» **Assigned task**:
Down to the last line, set down the material below exactly, excluding pictures.

» **The data**:
══════════════════════════════

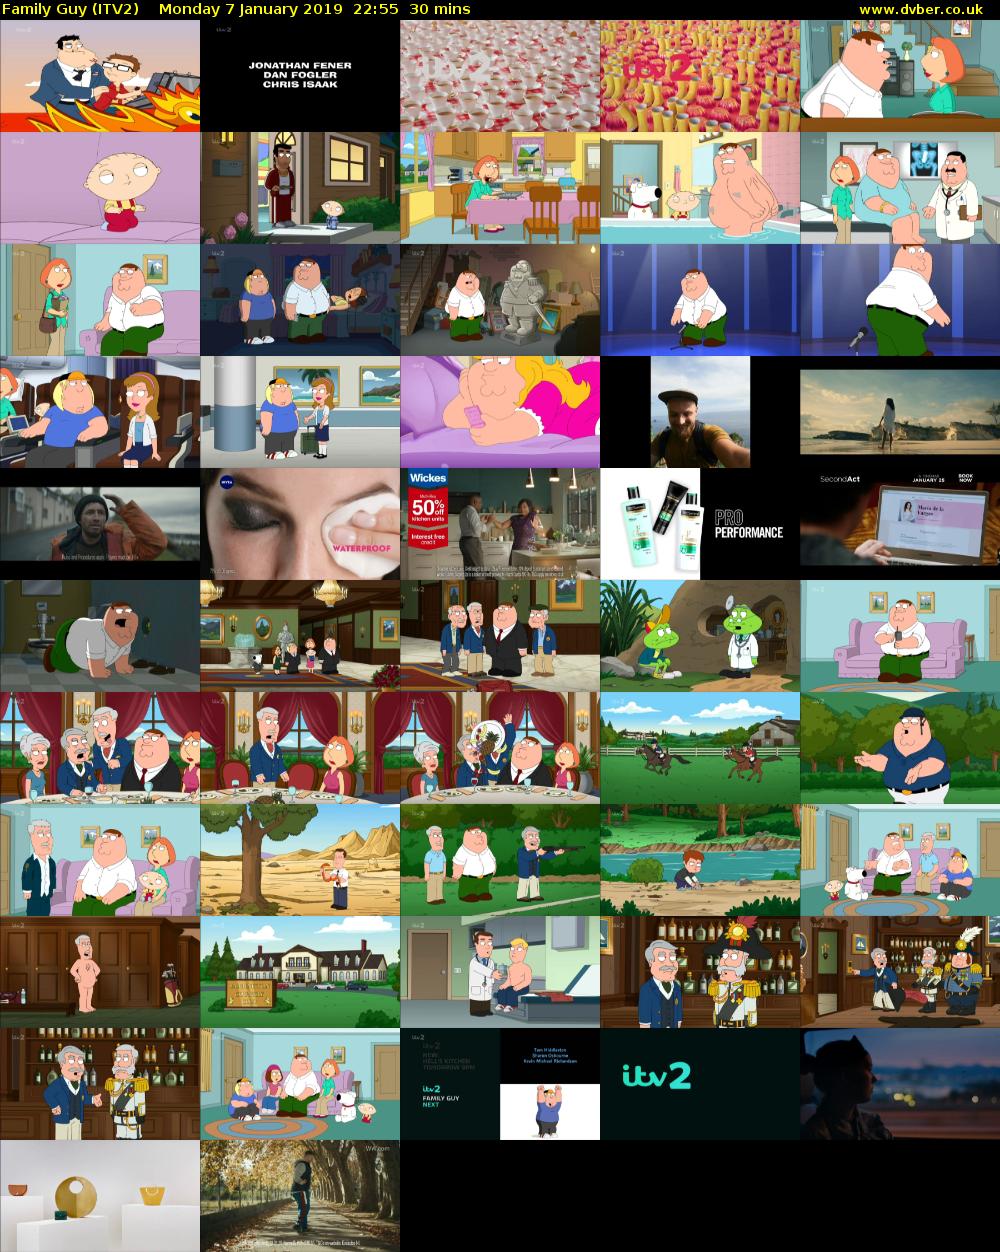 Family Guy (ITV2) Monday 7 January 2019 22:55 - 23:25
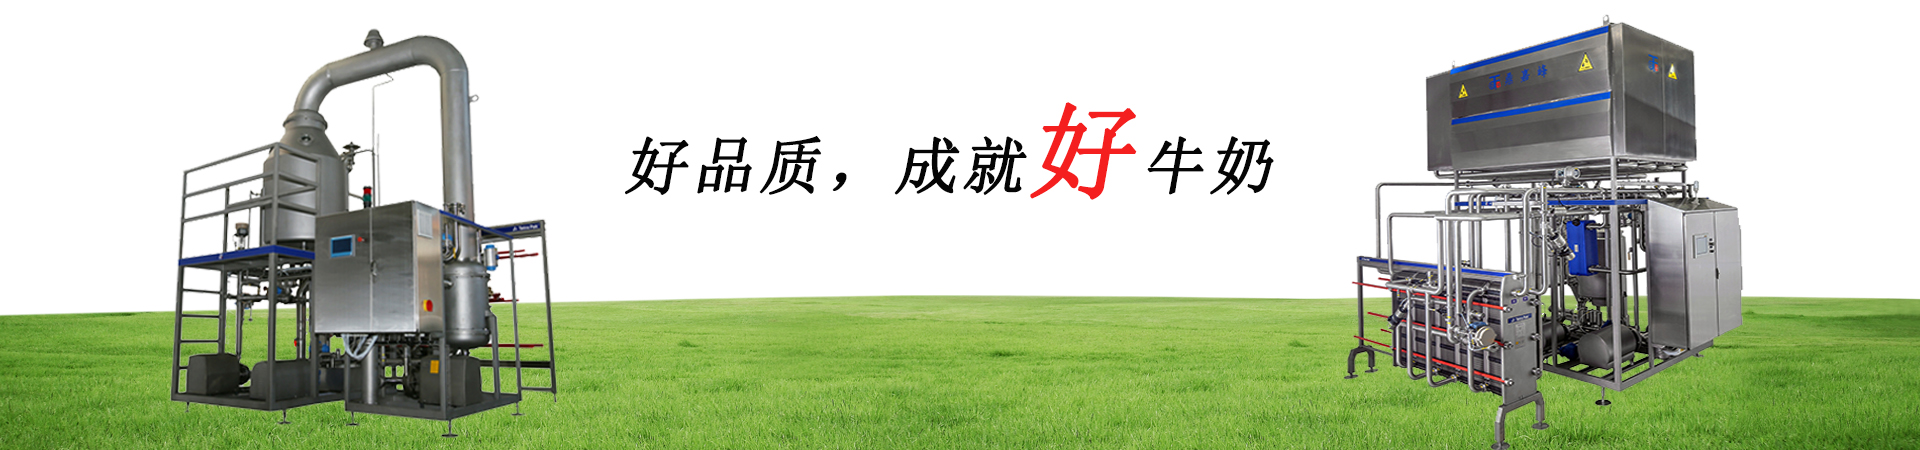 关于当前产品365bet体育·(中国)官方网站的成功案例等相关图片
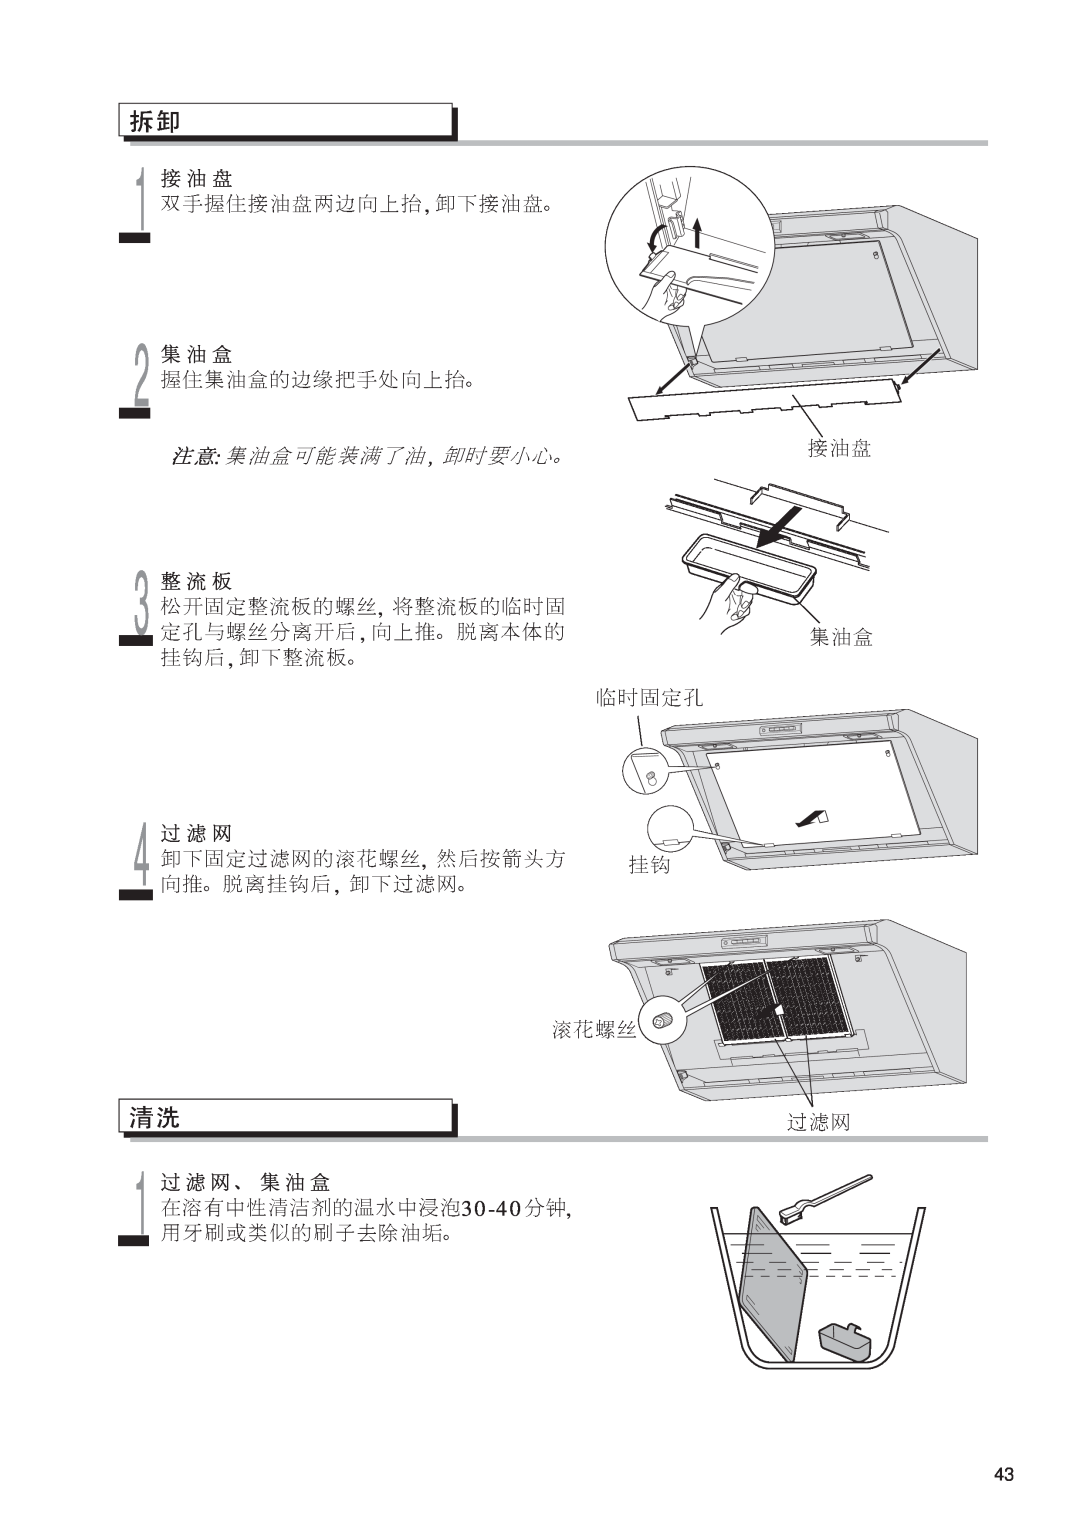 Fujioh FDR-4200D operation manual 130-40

══════════════════════════════

» **Exercise response**:
 Family Guy (ITV2) Monday 7 January 2019 22:55 - 23:25
 关于当前产品365bet体育·(中国)官方网站的成功案例等相关图片
 Fujioh FDR-4200D operation manual 130-40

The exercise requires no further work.